When I saw that I was invited to Barcelona to attend a leadership course—I pondered a while. It was almost the busiest quarter of my life; not only I had to be on the road for many weeks straight but we had the ultrabook to launch; had big challenges with the world economy not being in the best of its shape. I would be taken away from the team and my life almost 11 days straight.
After a very intense journey on collaboration, group work and innovative thinking, I am back home now. So, what happens if you throw eight people from Ireland, South Africa, Turkey, France, Poland, Israel and Russia in one small room for ten days? Sheer physical outcome is, twenty hours a day ten straight days of talking in a room, a nineteen page document, a five page presentation, a fantastically breakthrough idea, and eight friends for life. We were thrown into a room, people who never met before and presented a very strategic issue and were asked to come up with a solution. So I wanted to share my own personal learnings from this breakthrough experience where we were pushed to think with no boundries. Seven engineers and me J
I am so blown away with the experience we had there, that I keep thinking what a wise man my boss is by nominating me for this journey. Christian simply mentioned Olympic athletes as they get ready for the big race, they keep training to do faster and better; but they also take time with their coaches and teammates and discuss their performance; strategize how to do things differently and finally they discover a twist that make them Olympic champions. Therefore it is important to take time to think differently to make breakthroughs.

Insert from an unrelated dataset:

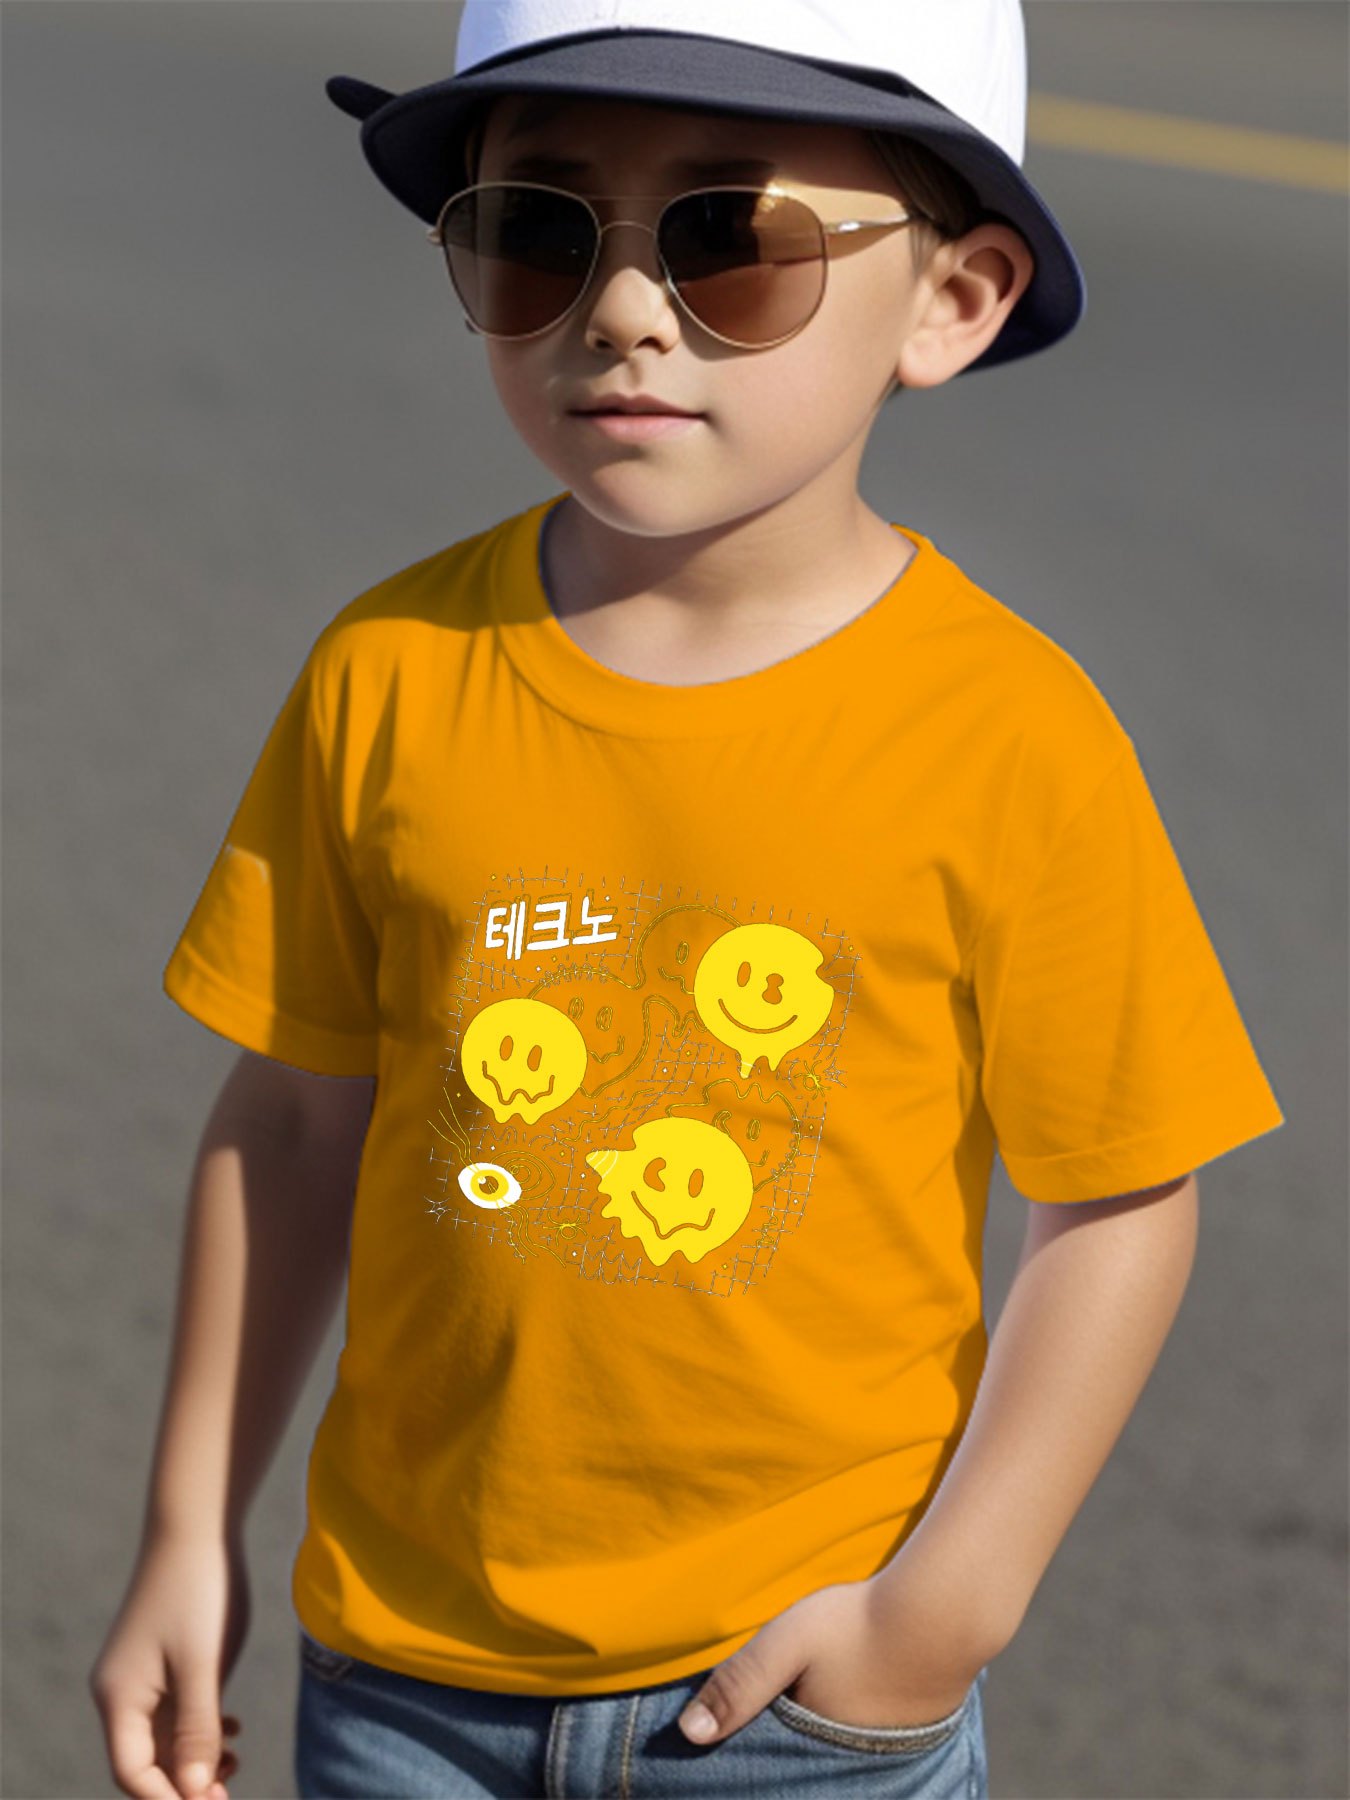 Un Retrato De Un Niño Sonriente En Una Camisa Amarilla Contra El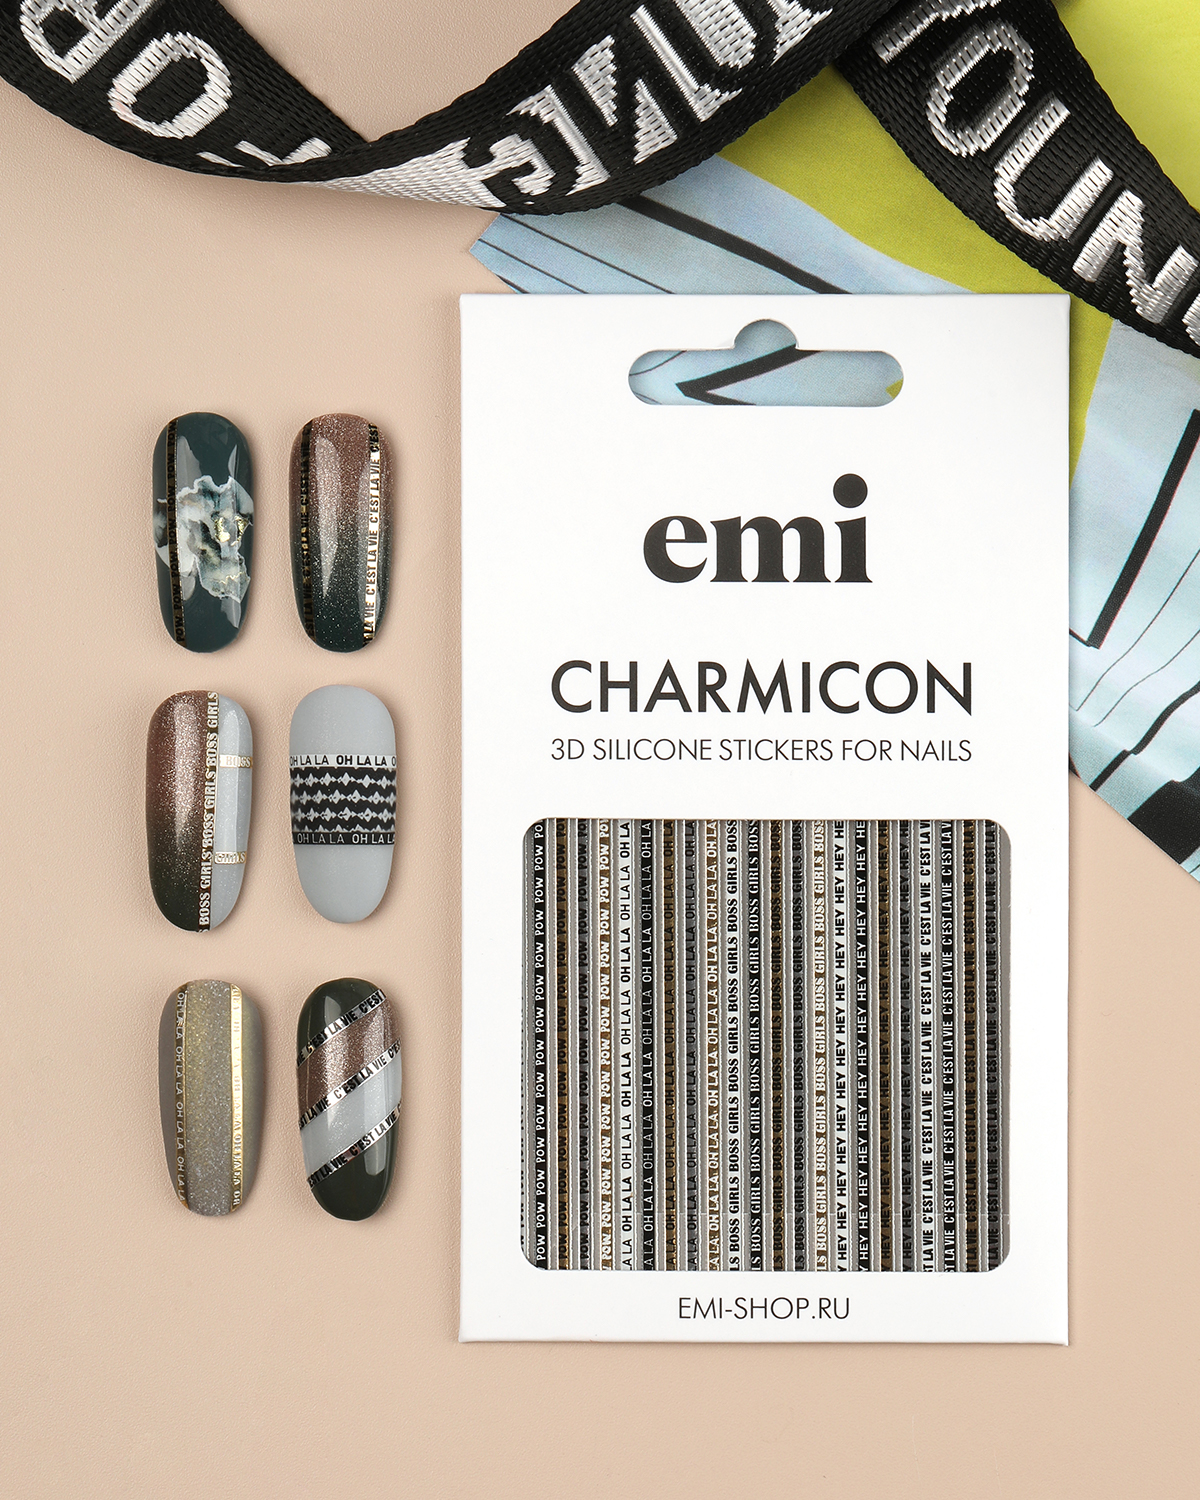 Объемные наклейки для дизайна ногтей EMi Charmicon 3D Silicone Stickers №244 Oh la la

First of all- we had no management structure and everyone was at almost the same level of seniority. The structure of the group remained flat for the duration of the whole experience. The group managed to leave their own agendas and egos outside of the door. This created an environment of trust and openness among all of us. The amount of the assumed responsibility was mind blowing; whenever one of us would get demoralized or fell tired, someone else would jump in. One day someone played the conductor, next day one was the innovator who had revelations, next day one was a movie director, next day one became the editor. Everyone jumped in with various skills in times we needed those skills and became a rockstar. People were highly disciplined and supportive of each other. In a non-hierarchical environment you step back and give space to others. So question to me and all managers is how do we make sure that all the teams we work in and all the teams we build become teams like that?
My ‘Aha’ moment was: we need to grow every single out of the box idea and not kill it at the onset. Instead of trying to criticize, you try to build on it and grow it no matter how difficult it is. Along the way new ideas flourish and team thinking begins.
My other big take away is that how much I love to learn. I had to study four hundred pages of documents ahead of the training since I wanted to have an opinion on devices and I also discussed what we needed to do around 50 hours or so with various people. I keep on thinking what is next for me. I remembered how much I loved learning new things. My big question is what is my next big learning thing to do with work?
I also reconfirmed that I am so lucky to work in Intel because the people here are so special. And it is the journey that matters to me; not the outcome. Learning and observing how good and creative and amazing individuals are; and we have some of the most unpretentious, helpful and humble people in Intel. Makes me feel so grand and lucky!
Collaboration is at the heart of doing much more innovative things and thinking differently; it almost to me now is the only way to do big breakthroughs and achieve truly grand results. We all need to practice it more pervasively wherever we work.
Didn’t get to see much of Barcelona—but saw so much of inside Intel, and realized how much I been missing!